La lingua albanese parlata a San Marzano è la variante linguistica del dialetto tosco parlato nell'Albania centrale e meridionale. Uno degli studiosi di lingua e cultura albanese più importanti di San Marzano è stato Carmine de Padova ("Melino"), sostenitore dell'insegnamento nelle istituzioni scolastiche della lingua albanese e di una seria ripresa dei valori e dell'identità su cui fonda la comunità. Il prof. De Padova ha iniziato nel dopoguerra a studiare e far emergere le antiche culture della Puglia. Intellettuale e storico contemporaneo di San Marzano, ha dato un importante contributo culturale alla comunità, dedicando tutta la sua vita a continue ricerche storiche, sulla vita e i costumi di San Marzano di San Giuseppe ed alla storia degli albanesi d'Italia, come oggi continua a fare il prof. Giuseppe Gallo, con continui studi e pubblicazioni.

Da qualche anno il comune di San Marzano di San Giuseppe ha istituito uno Sportello Linguistico Comunale che si occupa a vario titolo di studi, ricerche, disseminazioni di materiali, contatti con altre comunità albanofone italiane, docenze in lingua minoritaria, e valorizzazione della cultura locale[6].

Tony Zecca e Mino Chetta, registi per hobby e passione, negli ultimi anni hanno contribuito fortemente a valorizzare la tradizione arbëreshë. Nel 2014 hanno realizzato il primo film documentario sulla nascita del paese, in particolare la vita del Capitano Demetrio Capuzzimati (fondatore del paese nel 1530 nonché soldato e discendente di Skanderbeg).

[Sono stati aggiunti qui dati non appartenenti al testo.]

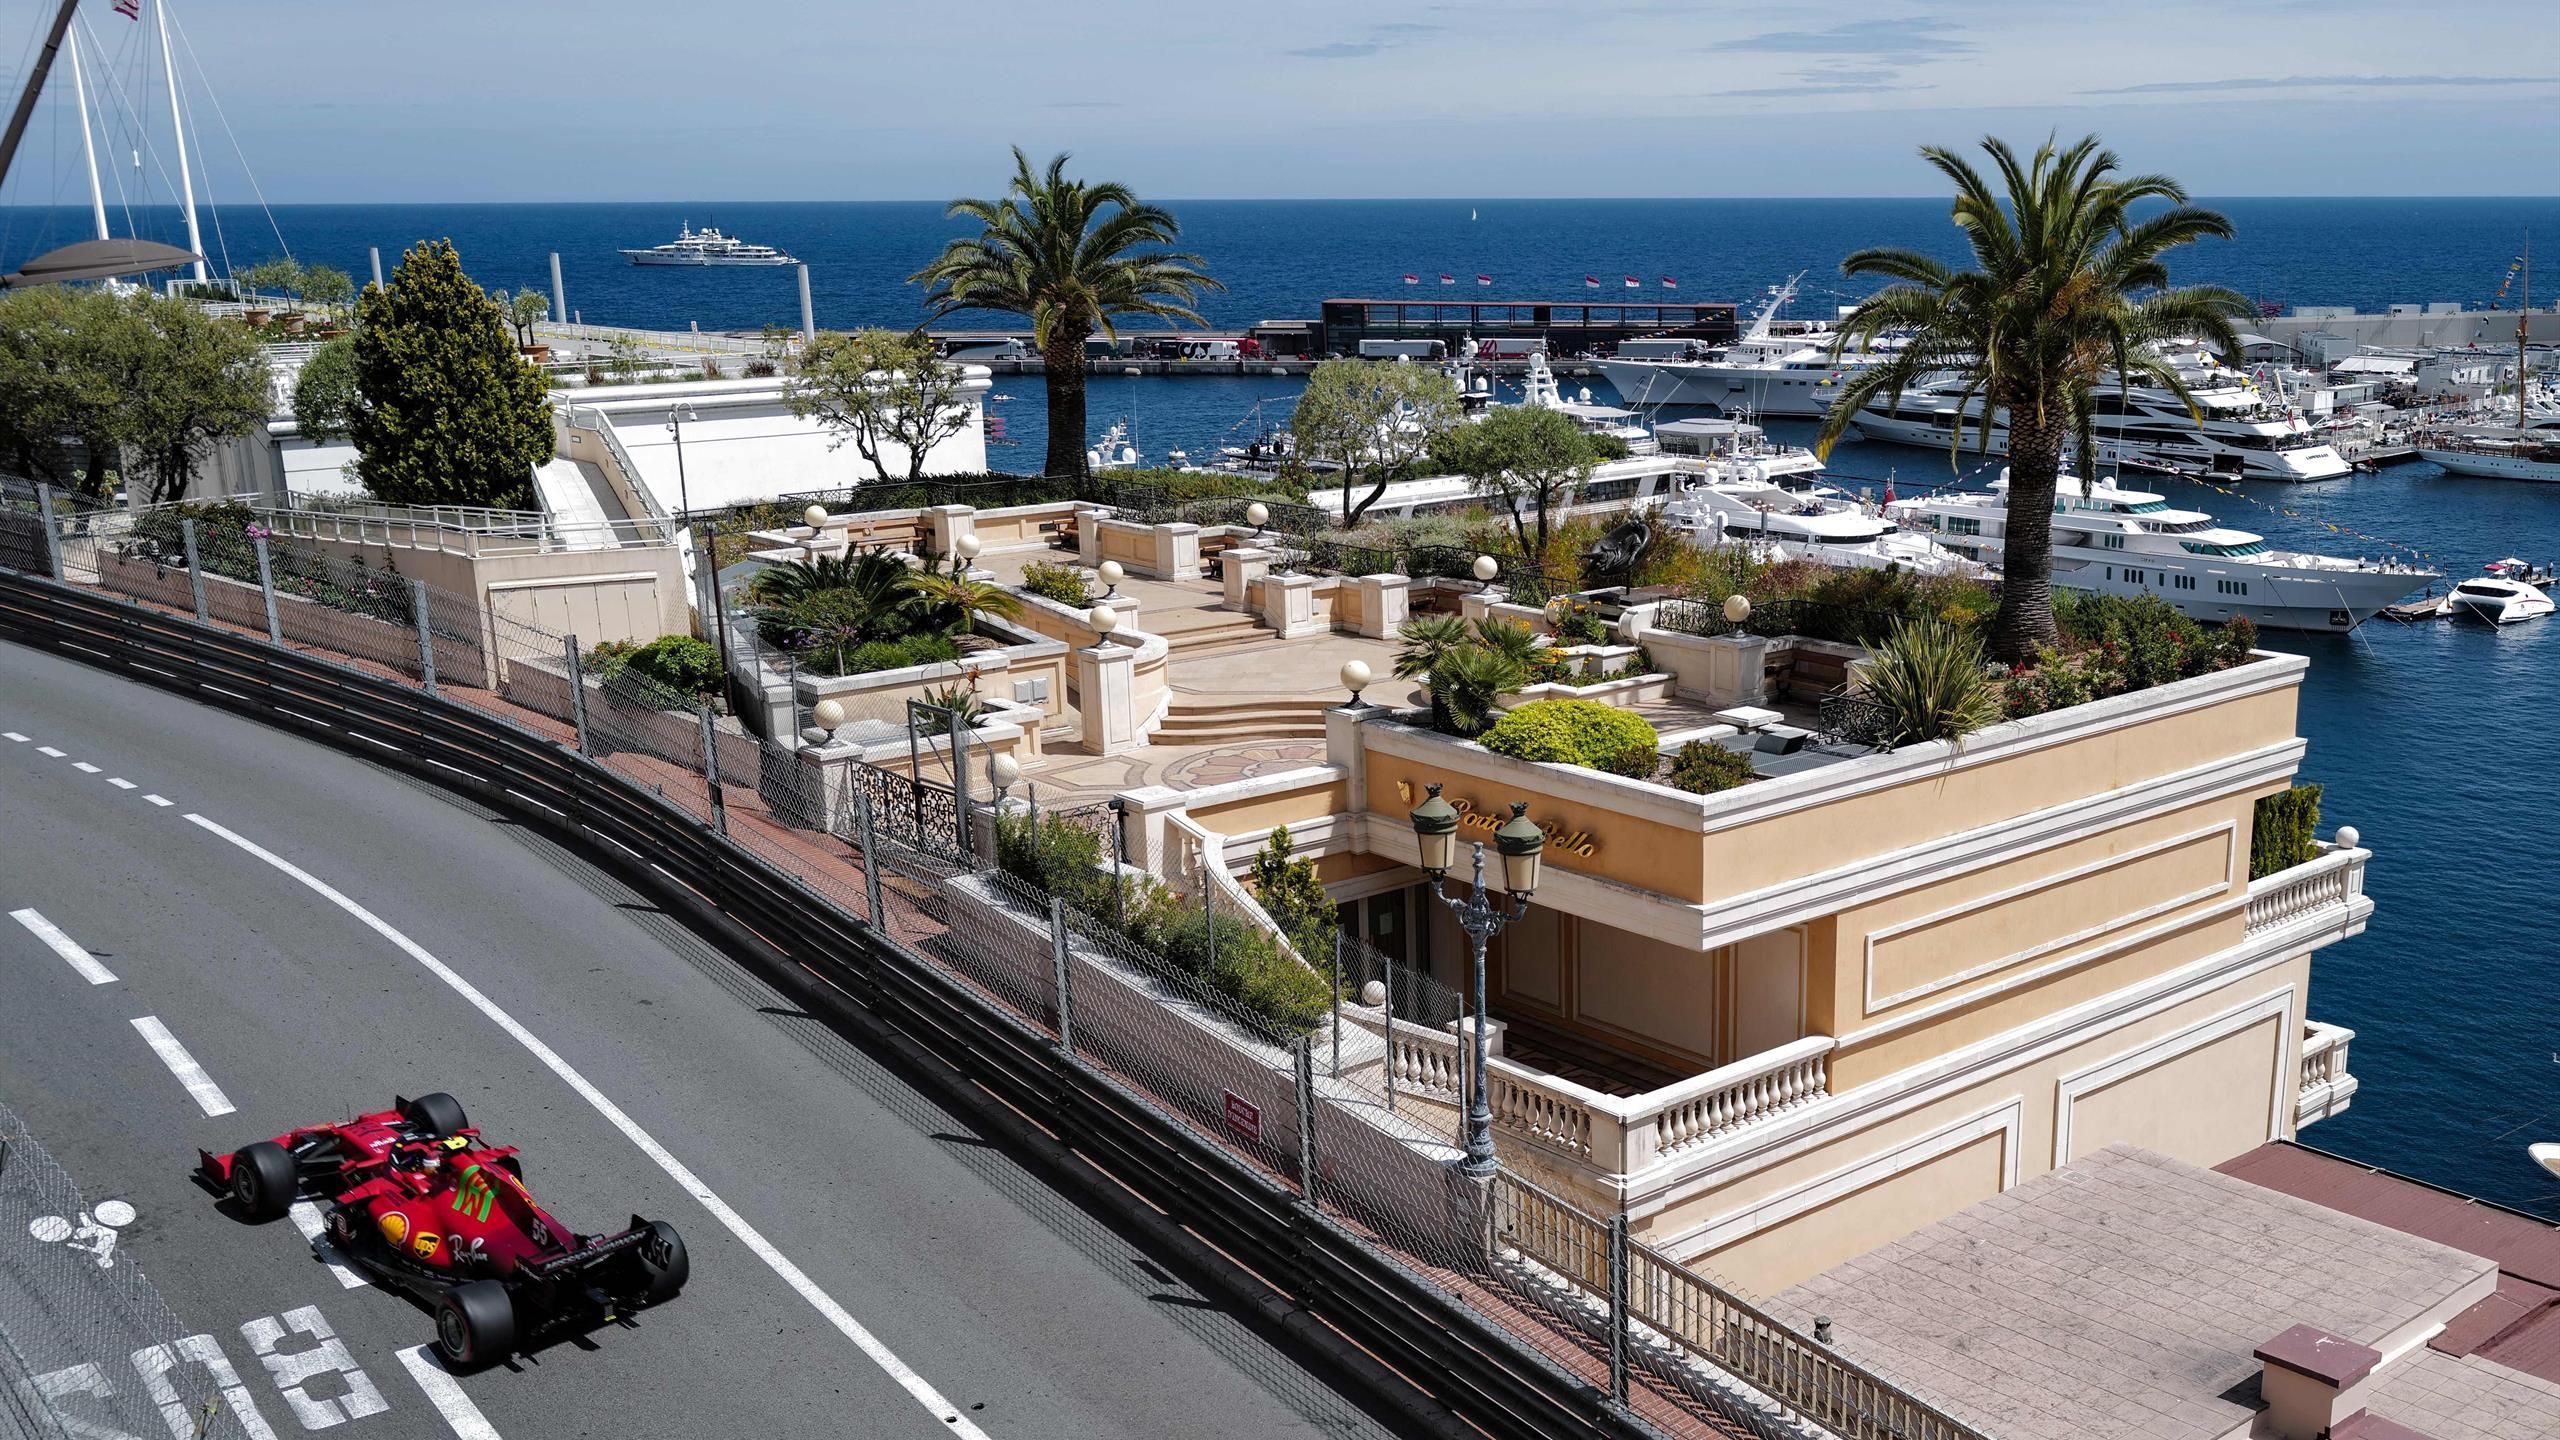 Why the Monaco Grand Prix must stay on the F1 calendar : PlanetF1

I dialoghi sono originali in lingua arbëreshë con gente del luogo. il lavoro cinematografico è reperibile in paese.

Religione[modifica | modifica wikitesto]

Gli abitanti di San Marzano professavano la religione cattolica, fin dalle origini del paese.

Il rito del cavallo che si inginocchia davanti a San Giuseppe[modifica | modifica wikitesto]

Evento che ogni anno attira migliaia e migliaia di curiosi, fedeli e turisti da tutto il Sud. La processione delle fascine è molto sentita dai Sammarzanesi.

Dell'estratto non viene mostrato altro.